> _What is required_
The required output is the run of lines from the one holding "2021 Chevrolet Colorado" through the final line of the listing, restated word for word, with no pictures.
═══ Source material ═══
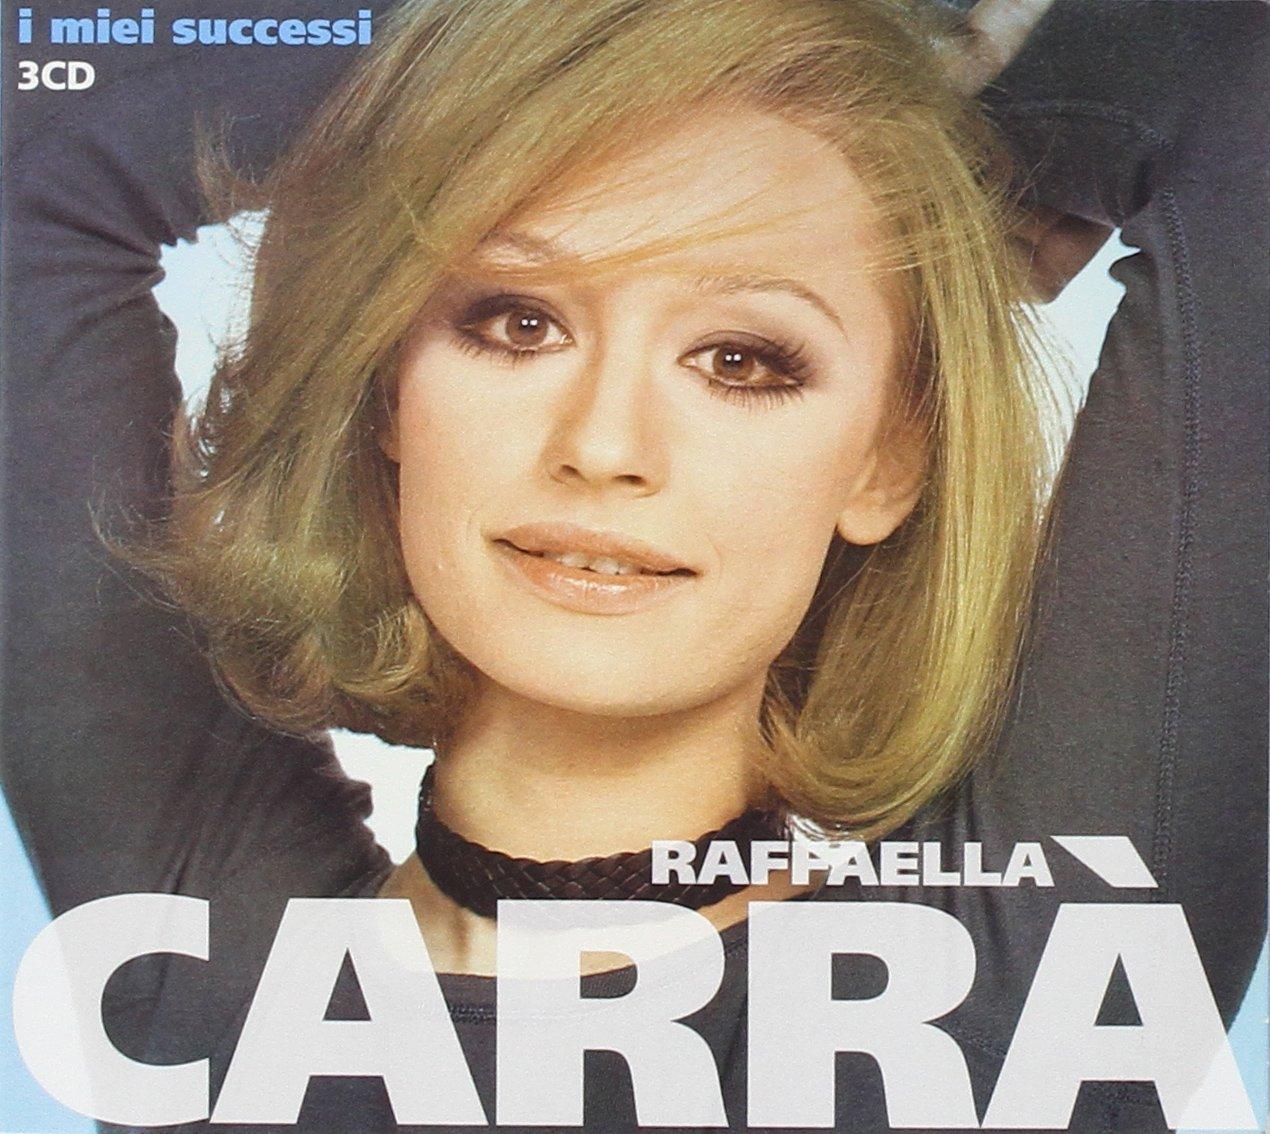 Raffaella carra i miei successi raffaella carra amazon it musica
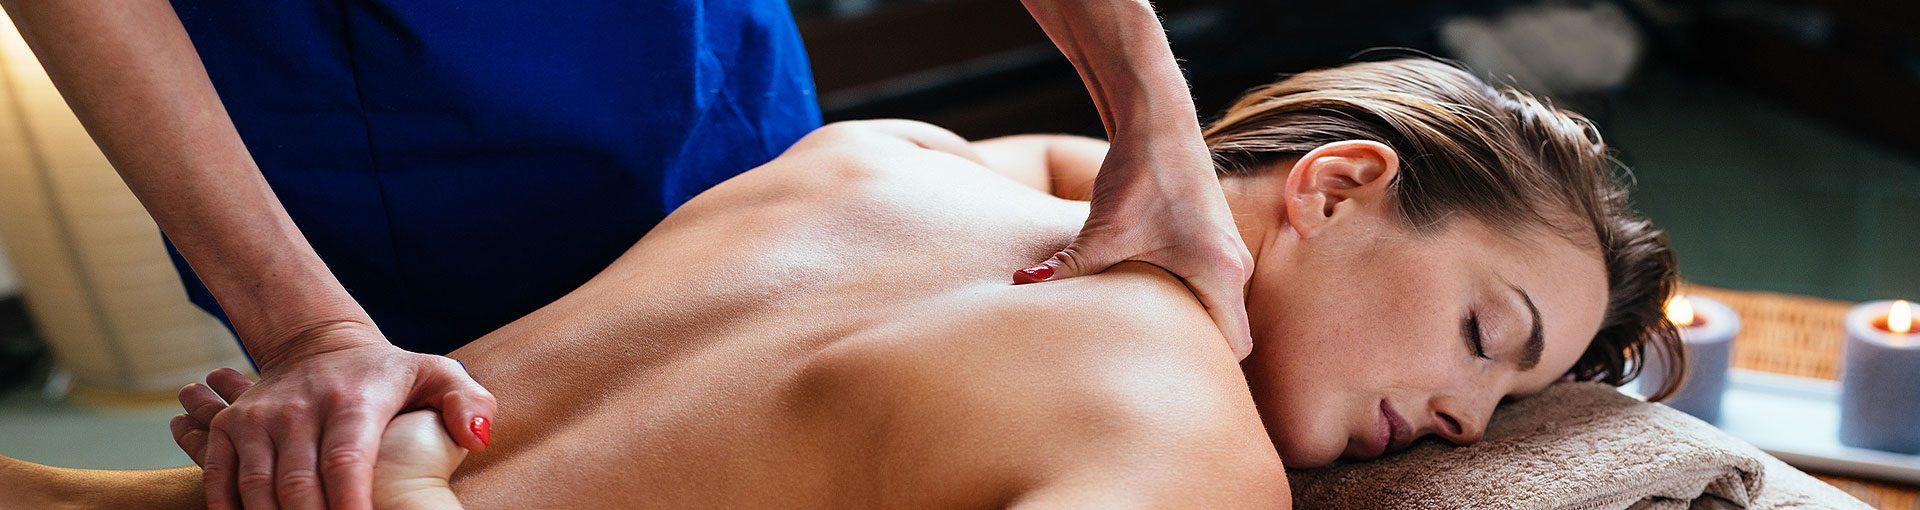 masaże Kabaty i Ursynów
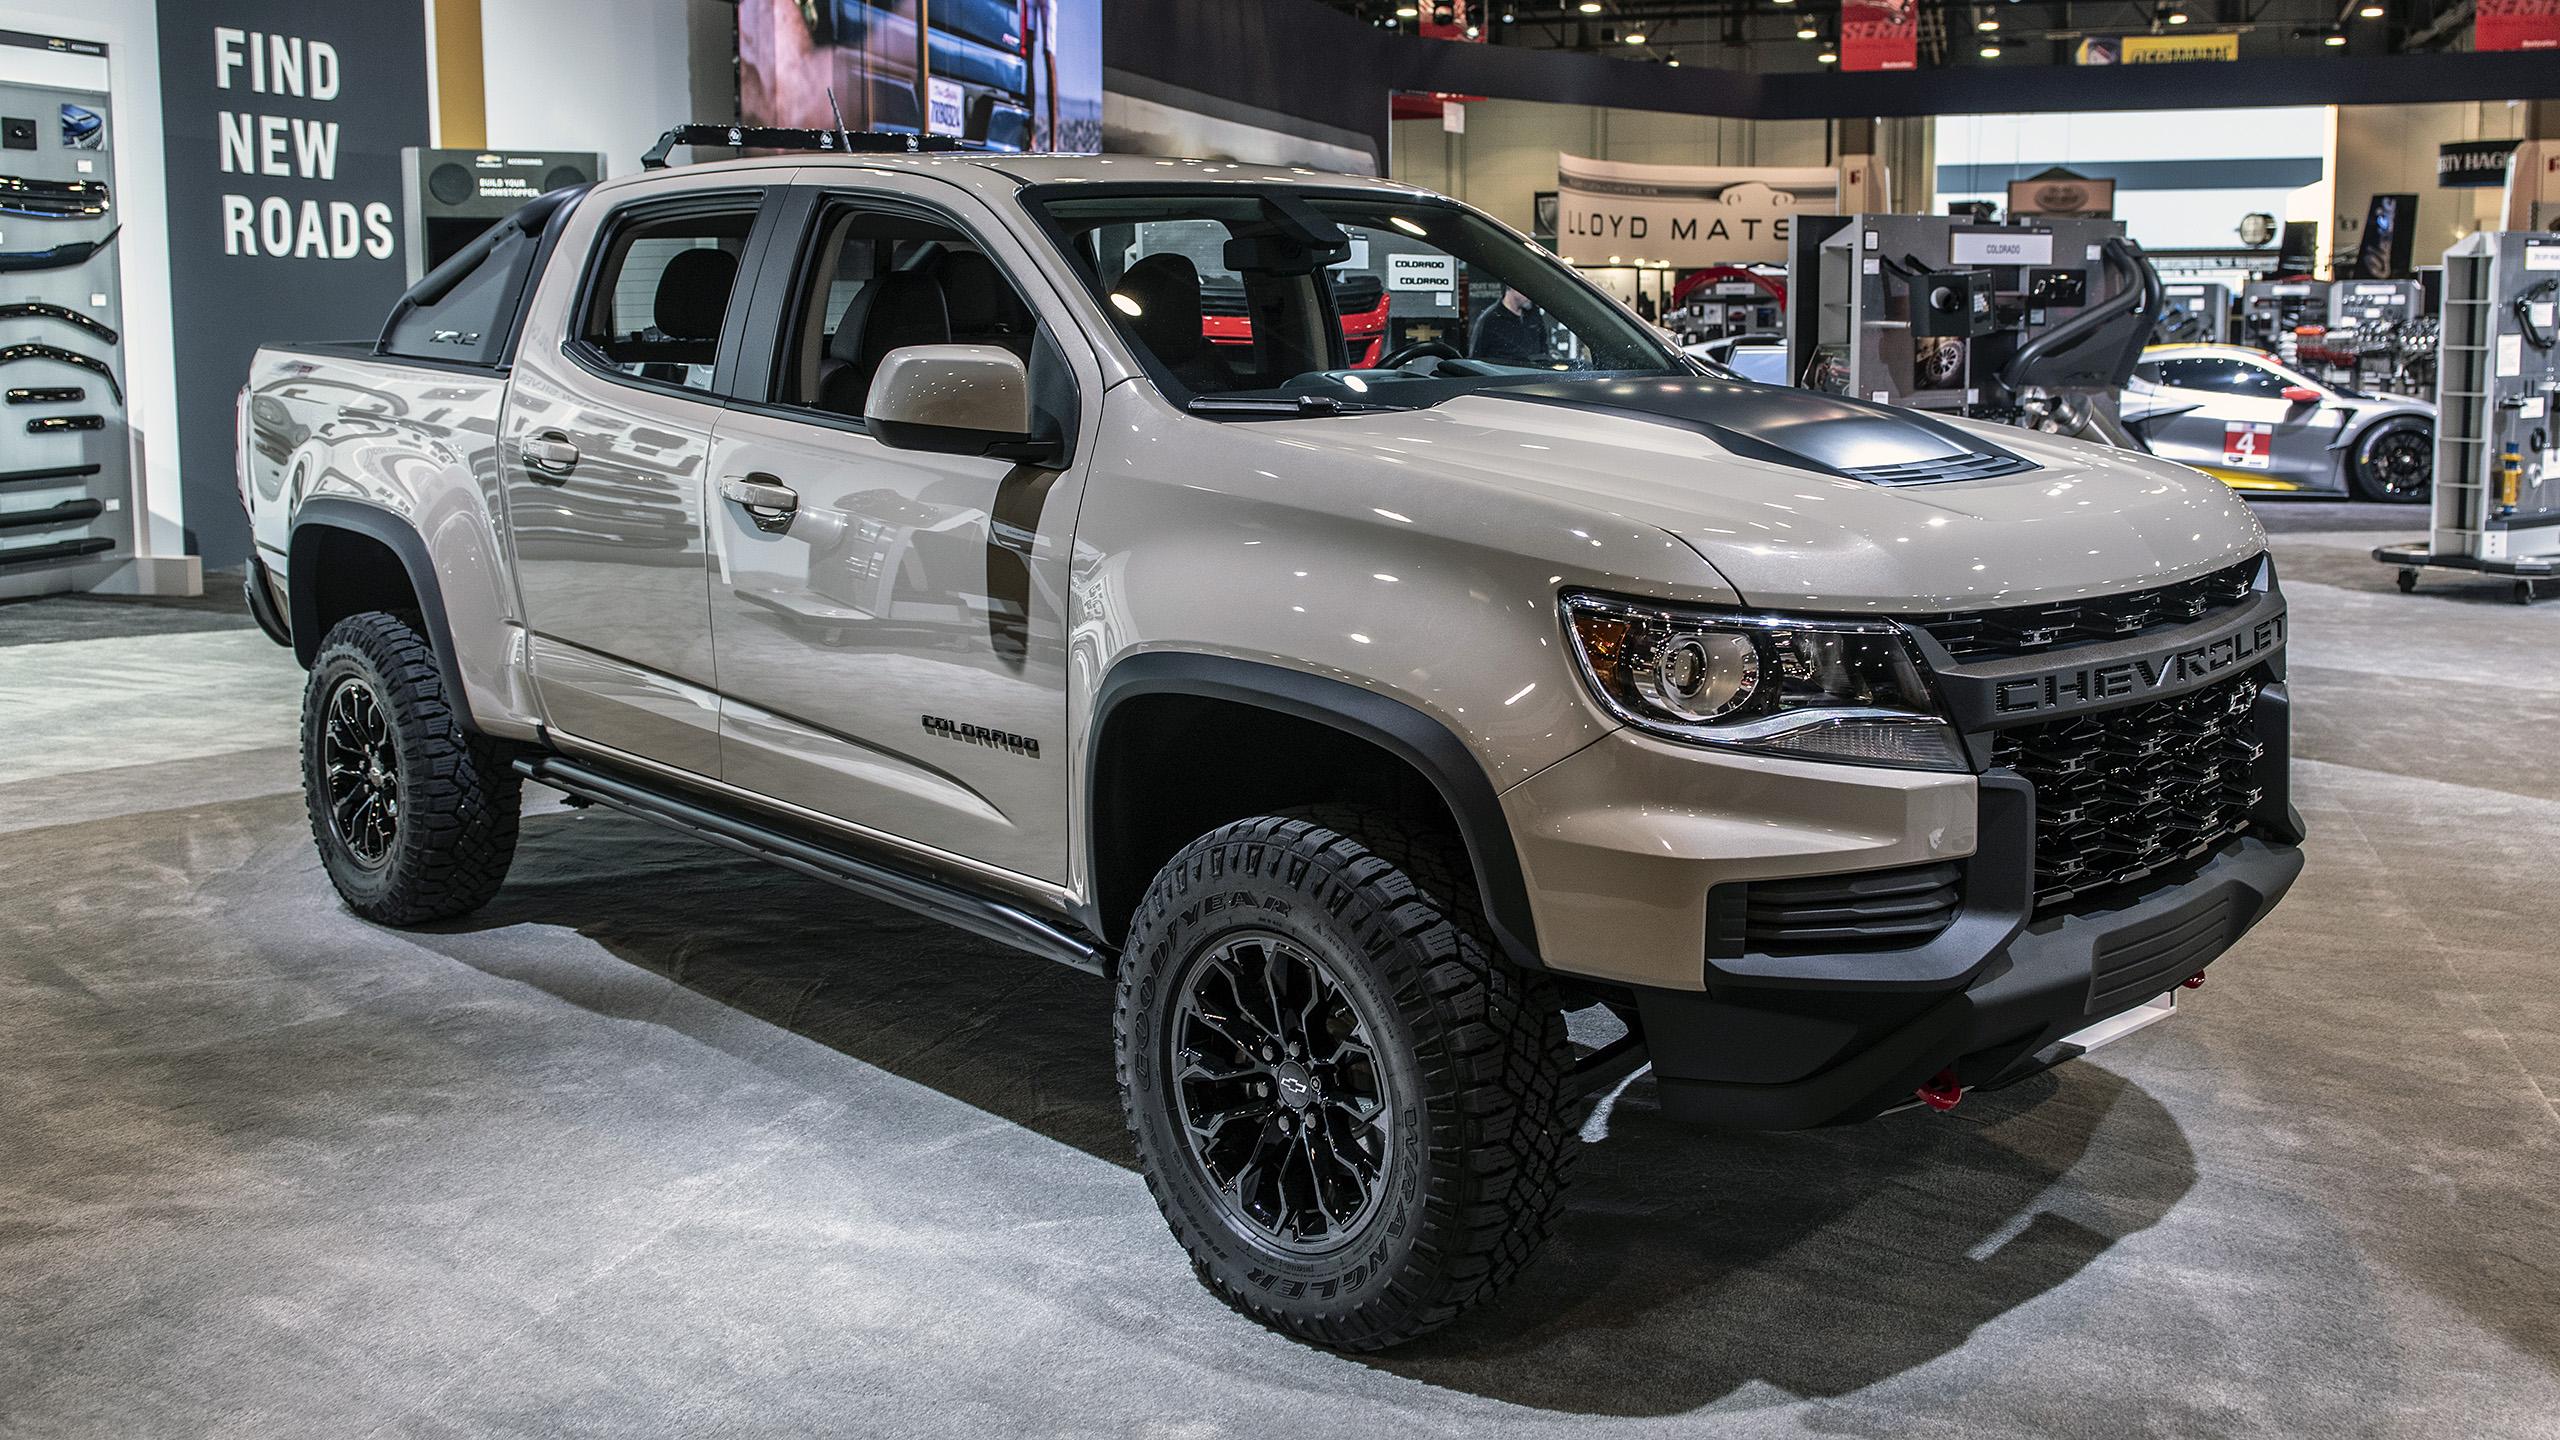 2021 Chevrolet Colorado Zr2 Dusk Edition Sema 2019 Photo Gallery Autoblog
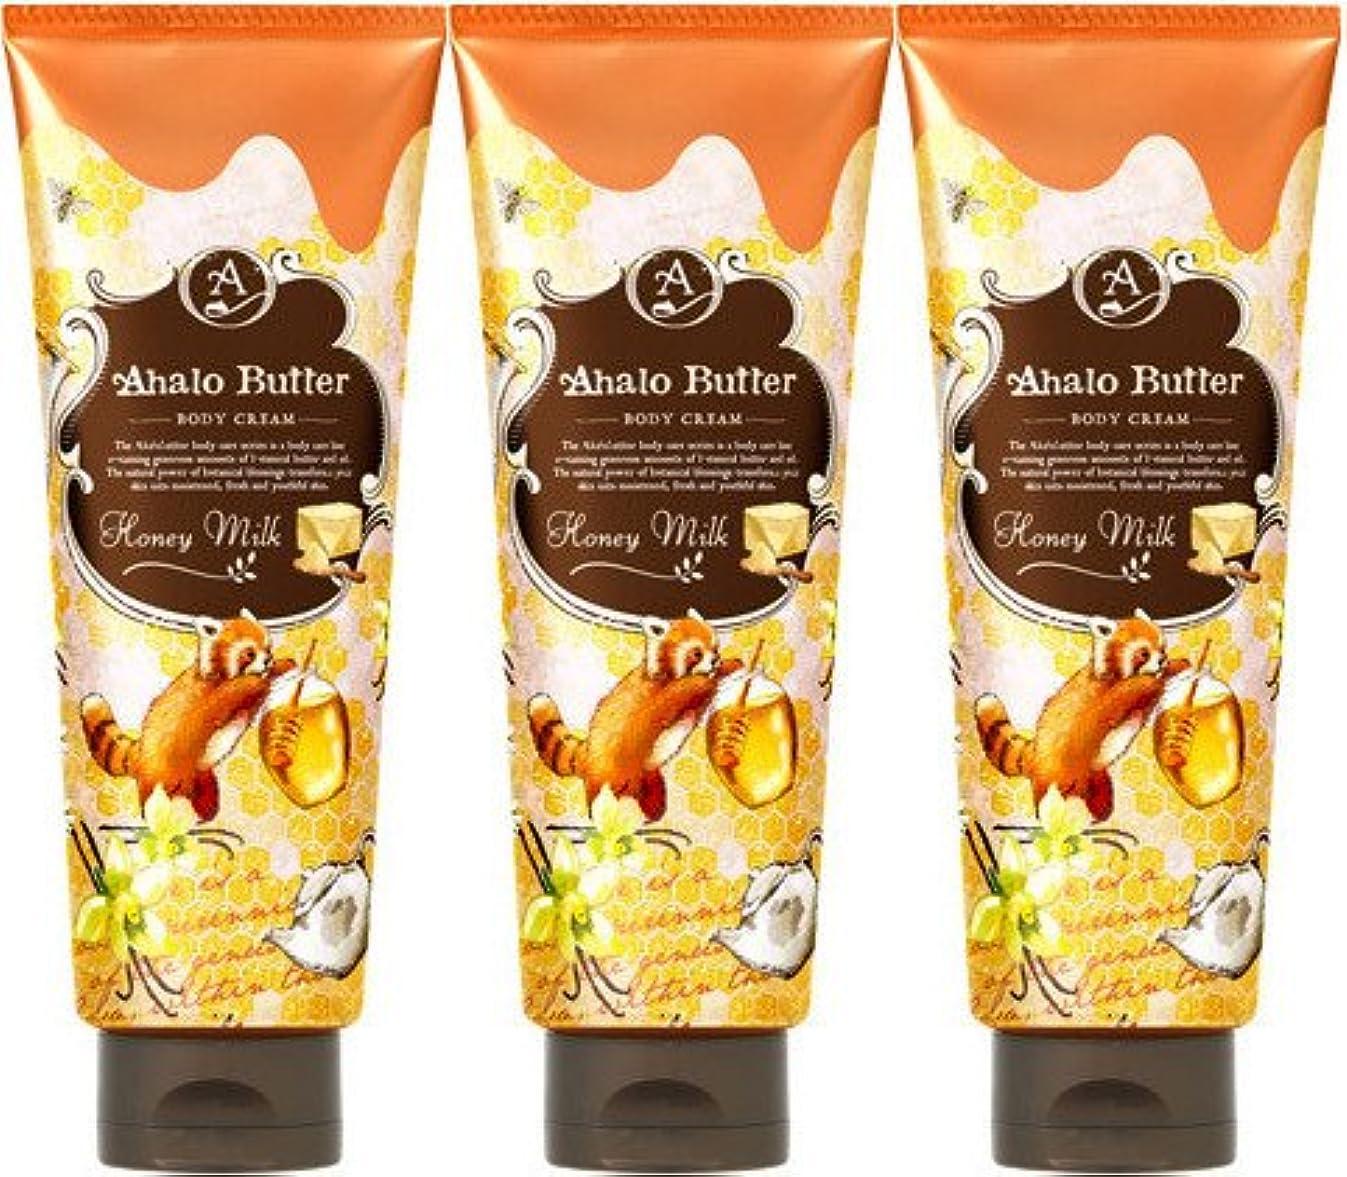 つまずく海岸気楽な【3個セット】Ahalo butter(アハロバター) ボディクリーム ハニーミルク 150g
═══
> _Completed task_
 2021 Chevrolet Colorado Zr2 Dusk Edition Sema 2019 Photo Gallery Autoblog
 つまずく海岸気楽な【3個セット】Ahalo butter(アハロバター) ボディクリーム ハニーミルク 150g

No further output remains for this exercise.